Reply with EXACTLY ONE of these formats (the loop driver's status surface):

- Success: `BATCH {THEME_ID} DONE — sidecars +{N}, direct {direct%}, effective {effective%}, features {total_features} ({new_features_count} new), {total_test_gaps} test-gaps ({critical_count} CRITICAL).`
- Blocked: `BATCH {THEME_ID} BLOCKED — {blocked_reason}. Loop continues; mark for maintainer review.`
- Halt: `LOOP HALTING — {reason}. {THEME_ID or N/A} state preserved; resume manually after investigation.`
- Queue empty: `QUEUE EMPTY — all themes done or blocked. Loop has nothing further; safe to stop.`

## Safety rails (universal)

- NEVER run `git push --force`, `git reset --hard`, `git checkout main`, `rm -rf`, `git branch -D` autonomously.
- NEVER write to source repos at `<REPO_ROOT>`, `<DOCS_REPO>`, etc. — these are READ-ONLY from this skill's perspective. Only the workspace at `<WORKSPACE_ROOT>` is writeable.
- NEVER edit `adrs/drafts/*` — those are maintainer-authored design docs.
- NEVER edit `CLAUDE.md` — it is the governance surface; the maintainer hand-authors changes.
- `APPROACH.md` is the deliverable — update it when methodology insights land (new failure modes, new rules, new layers, new probe classes, new bootstrapping signals). Do NOT rewrite the methodology unilaterally; do NOT delete sections; preserve revision history. Substantive additions land alongside an LSN entry that triggered them.
- If a tool call hits a permission prompt → that's a settings.local.json gap; halt the loop (don't try to bypass).

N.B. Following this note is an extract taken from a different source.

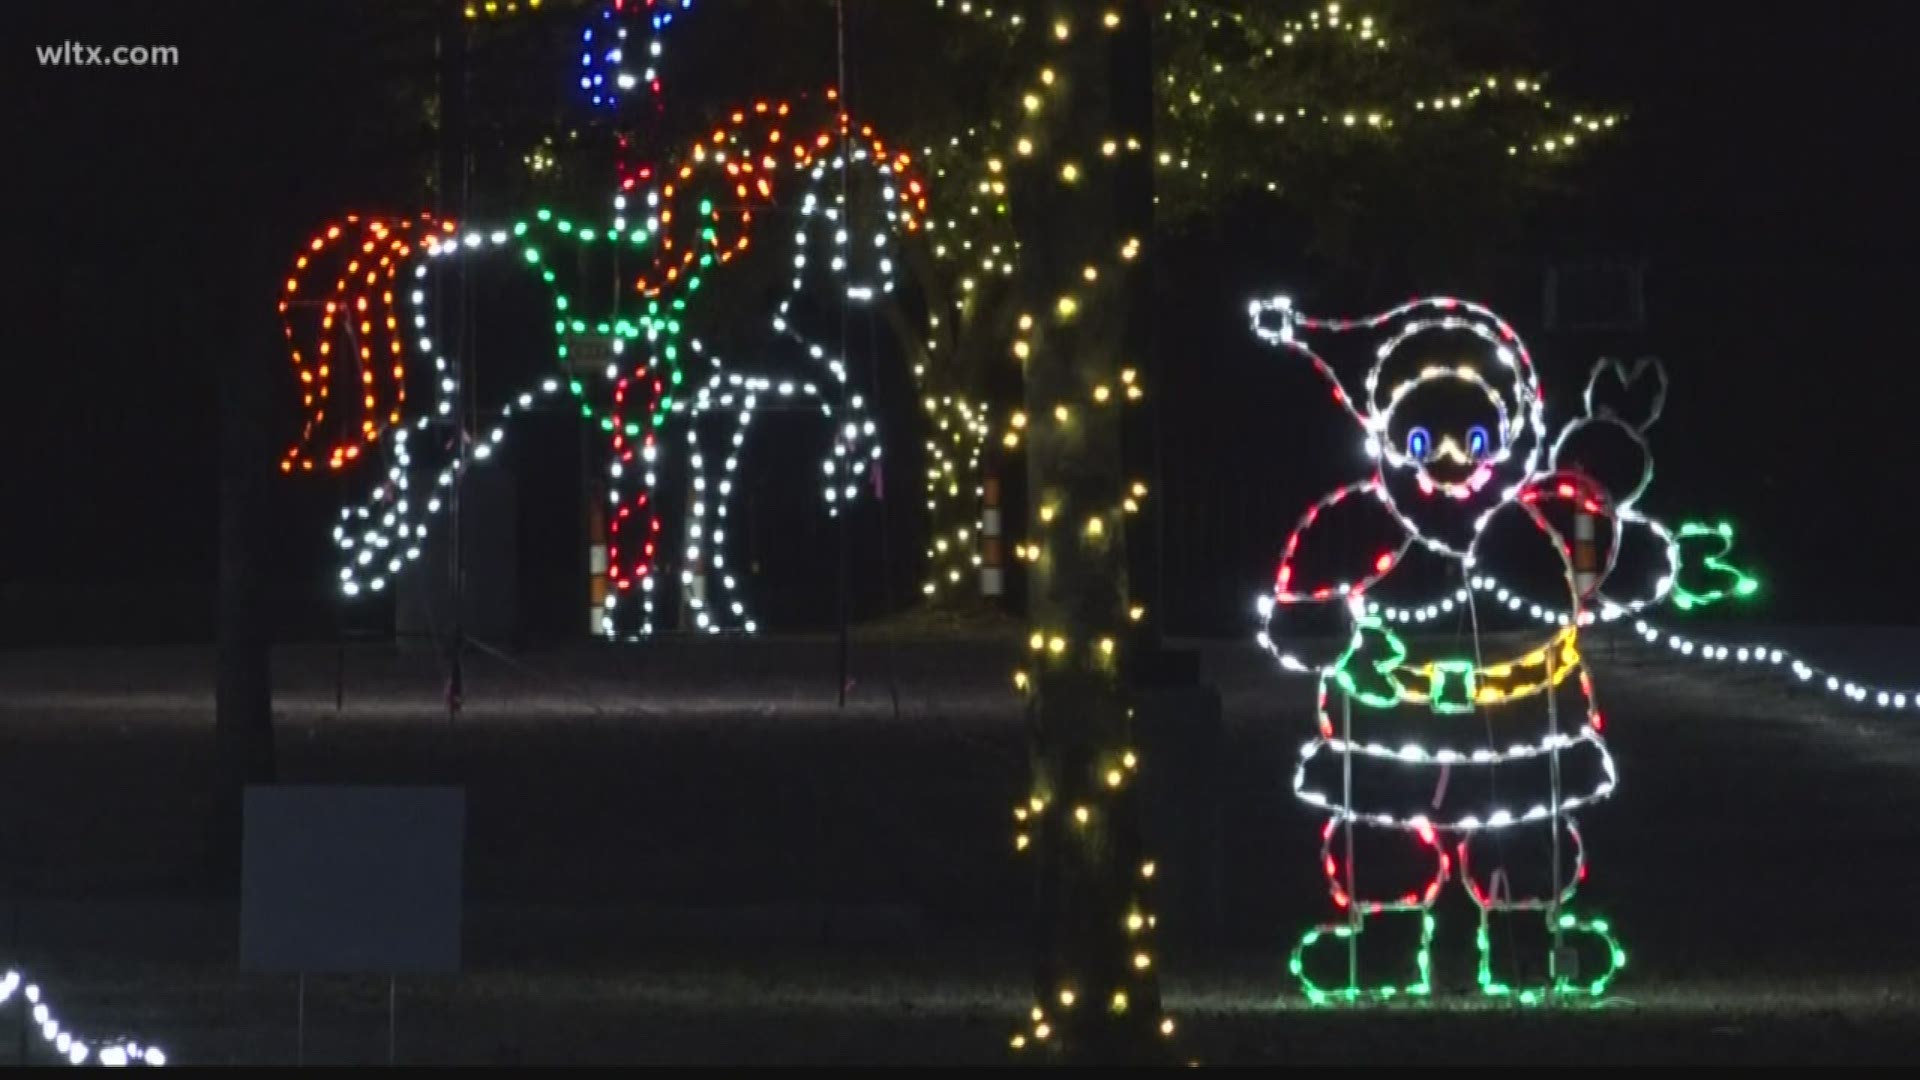 The drive-through light show runs from December 7 - 28 at the South Carolina State Fairgrounds. Here's a sneak peek!

## Resumption after a halt

When the maintainer resumes after a halt:
1. Read `state/sprint-themes.yaml` to see the last-attempted theme + its status.
2. Read `state/batch-{theme_id}-trace.yaml` (if present) for the per-agent outcomes.
3. Manually fix the root cause (broken sidecar, conflicted yaml, etc.).
4. Either reset the theme to `pending` (retry) or leave as `blocked` and skip to the next.
5. Resume `/loop 75m /next-batch`.

## Cross-references

- `adrs/drafts/feature-anchored-ontology.md` rev 2 — the methodology this skill implements at scale.
- `state/sprint-themes.yaml` — the priority queue this skill consumes.
- `lineage/_extractor/registry-shard/shard.py` — canonical sidecar/index shapes.
- `lineage/_extractor/registry-shard/coverage.py` — coverage refresh.
- `lineage/_extractor/registry-shard/merge_deltas.py` — uniform delta-merge helper (referenced from this skill; created by slice-9 follow-up).
- `lineage/odd-platform/investigator-log.md` (batch H entry) — template for the per-batch log entry this skill appends.
- `.claude/agents/file-analyser.md`, `.claude/agents/{concept-merger,adr-archaeologist,doc-gap-finder,test-coverage-mapper,feature-flow-builder}.md` — the subagent contracts.
- `playbooks/registry-search-spawn.md` — the dedup protocol the reducers follow.